Internal Disagreements: Reaching consensus among diverse member states with varying economic and political interests can be difficult. Quota disputes and pricing disagreements are common.
For instance, countries like Saudi Arabia advocate for cuts to bolster prices. Others with less capacity, like Nigeria, want to increase output for quick economic gain. This can lead to tensions at meetings.
Geopolitical Instability: The Middle East, a region heavily represented by OPEC, is known for its political volatility. Conflicts and tensions within the Middle East disrupt oil production and supply, affecting global markets.

Increasing Non-OPEC Production: Emergence of significant oil production from nations outside OPEC, like US with its controversial shale oil fracking; Russia, Brazil, China and Canada, erode OPEC's market share and weight.
Rise of Renewables: The global push towards renewable energy sources, fueled by climate change concerns, is a long-term threat to the demand for oil and, consequently, the power of OPEC.
Price Volatility and Economic Impact: OPEC's decisions can have a significant impact on global economic stability. Large fluctuations in oil prices can trigger inflation, economic recessions and short tempers.
Geopolitical tensions strain OPEC's effectiveness. Sanctions on countries like Iran disrupt production capabilities, causing market instability and unpredictable price swings.

OPEC & Political Alliances
Officially focused on economic matters, OPEC extends influence into geopolitics. Oil is a strategic resource, and control over supply and price is a powerful tool.
Consequently, OPEC is used as a platform for political alliances, especially among Middle East nations. Collaboration on oil production often mingles with discussions on broader political issues.

OPEC Oil Buyers
OPEC supplies oil to a vast array of countries around the globe. Major importing regions include
Asia-Pacific: China, India, Japan, and other countries in this region are major consumers, importing about 60% of OPEC oil.
Europe: European nations rely on OPEC oil to varying degrees.

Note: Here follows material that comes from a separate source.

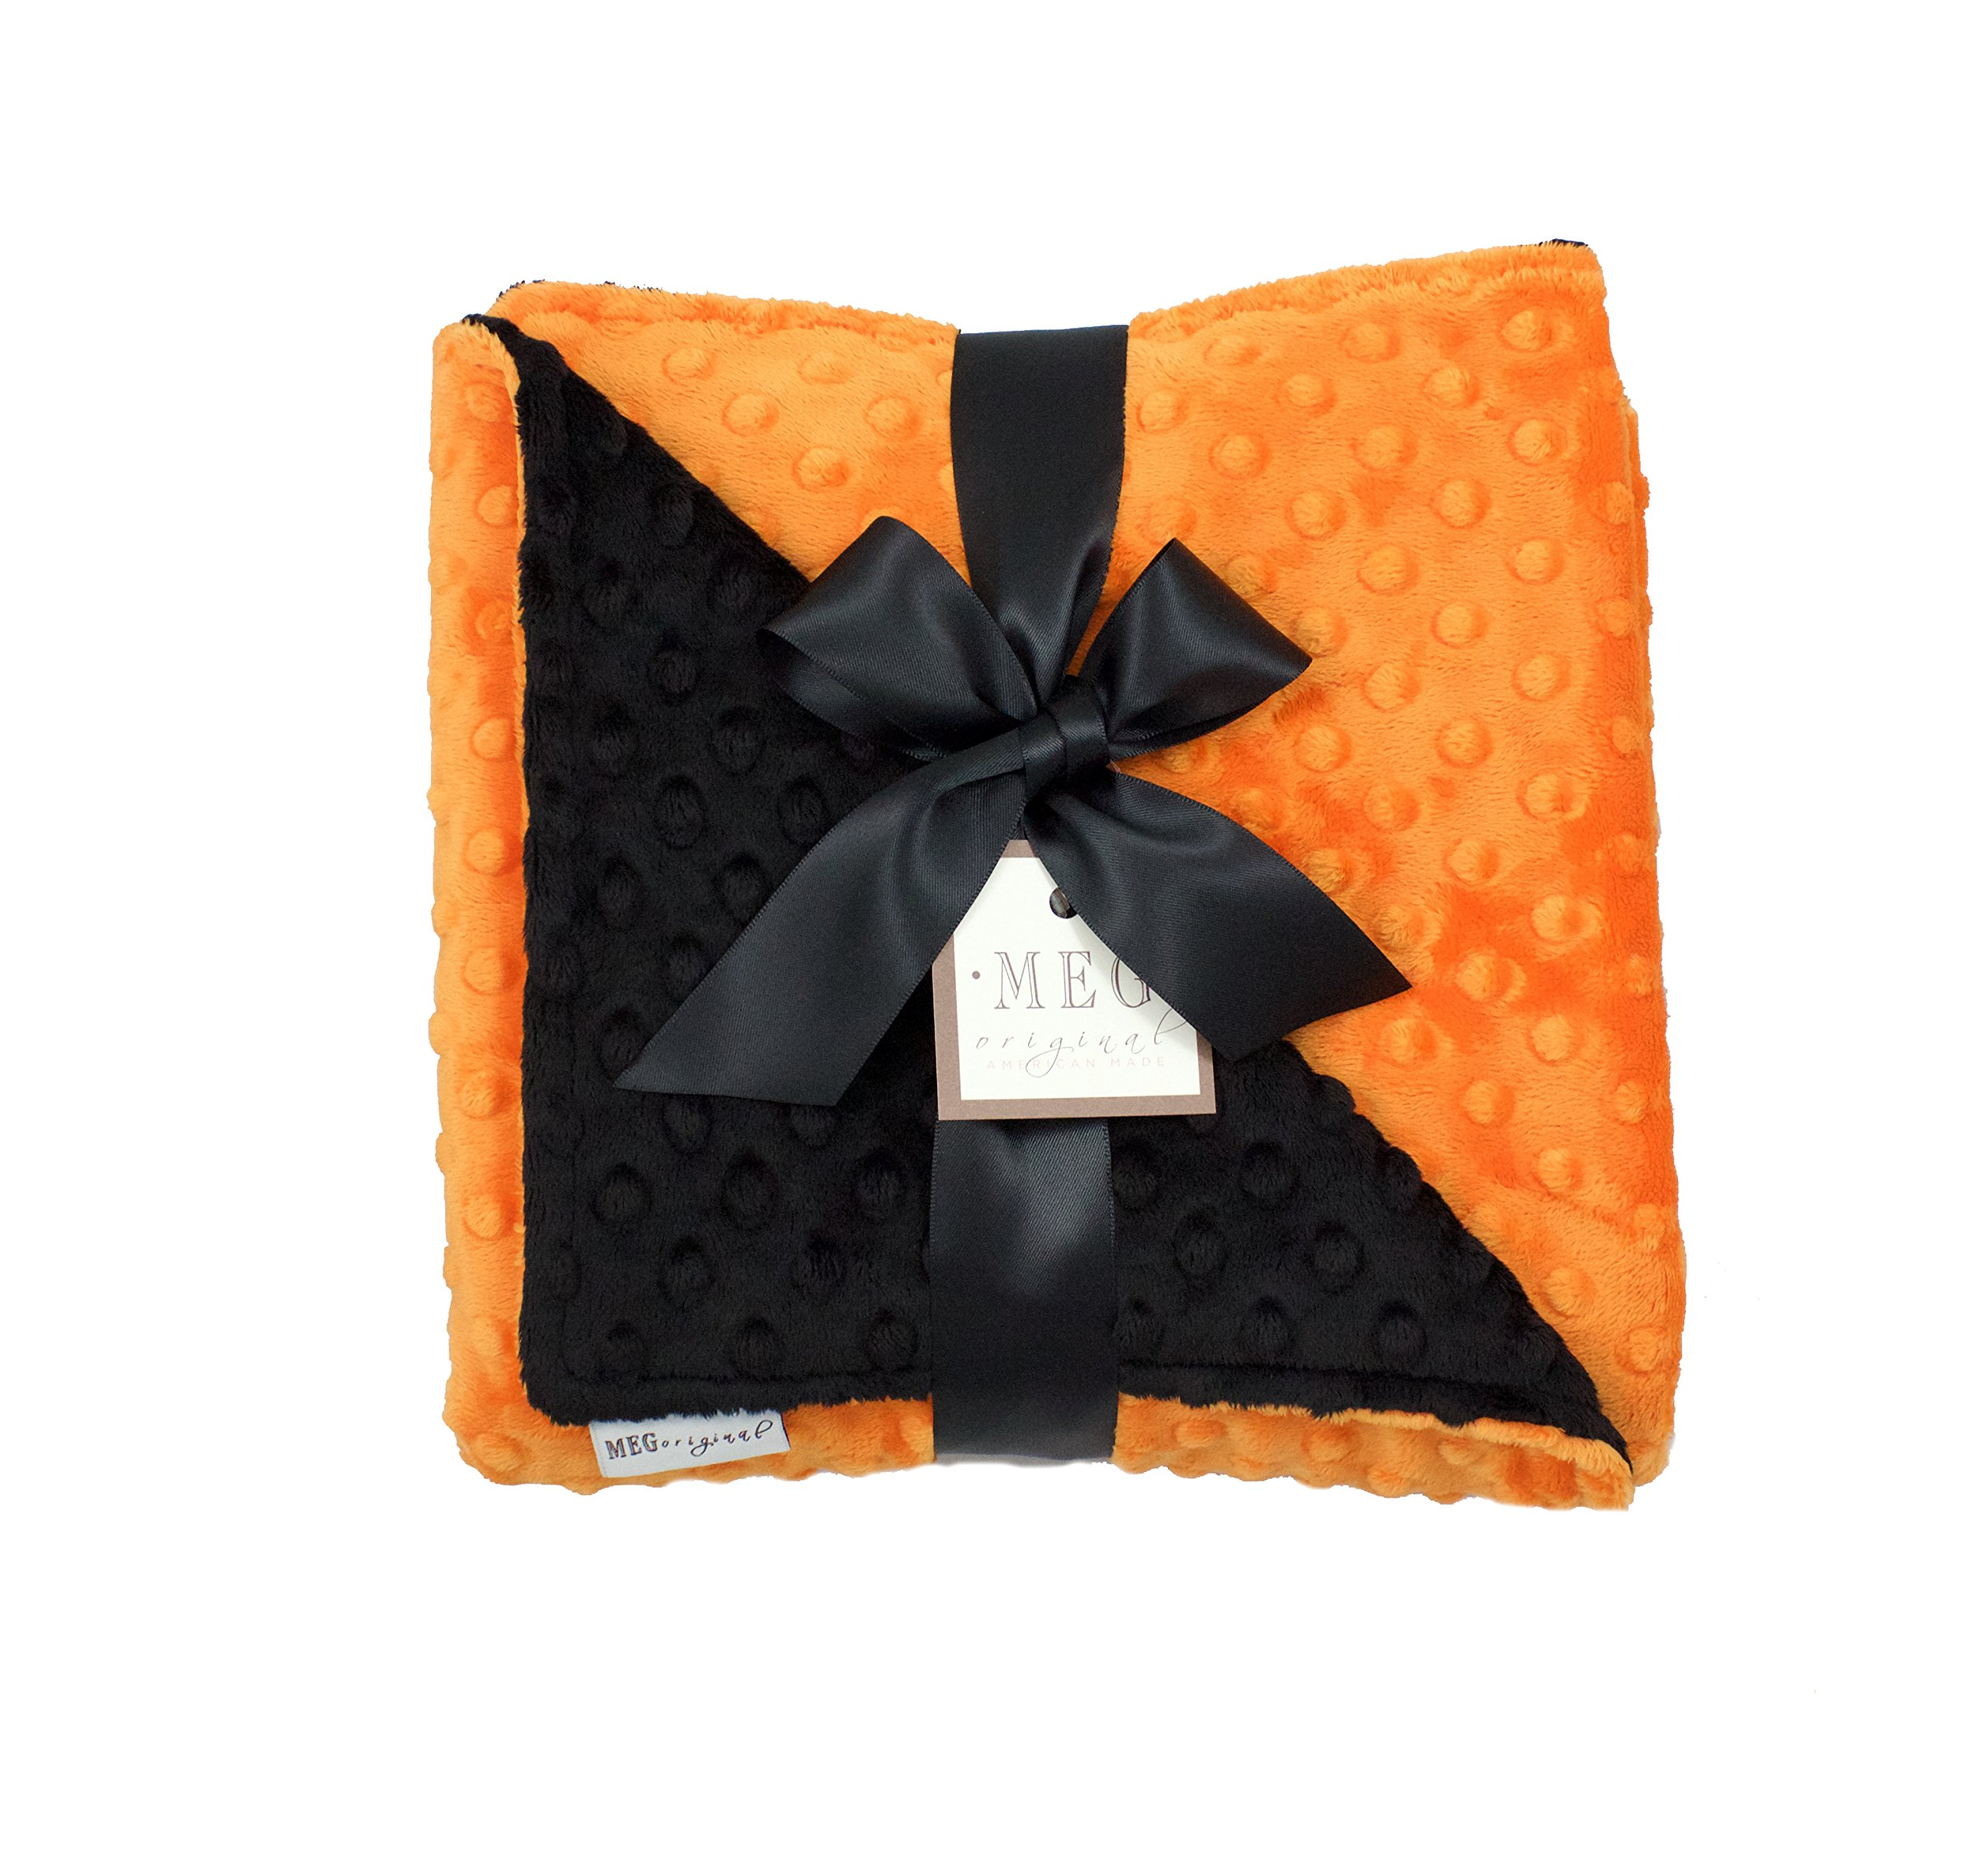 MEG Original Minky Dot Halloween Baby Blanket, Orange & Black 346 by MEG Original

Germany, Italy and the Netherlands are the largest importers.
United States: While the US is a significant oil producer, it still imports oil from OPEC members.
The specific destinations of OPEC oil vary depending on factors such as global demand, geopolitical relationships, and trade agreements.

Facts About OPEC
OPEC+: In recent years, OPEC collaborates with non-OPEC oil-producing countries, notably Russia, under the umbrella OPEC+. The expanded alliance has much the same mandate. OPEC+ includes oil-producing nations like Russia and Mexico.
Headquarters: OPEC's headquarters are in Vienna, Austria.
OPEC Fund for International Development (OFID): OFID is a development finance institution established by OPEC member states to provide financial assistance to developing countries. For instance it sends $1 million to Syria and aid to Turkey for earthquake disaster relief in 2023.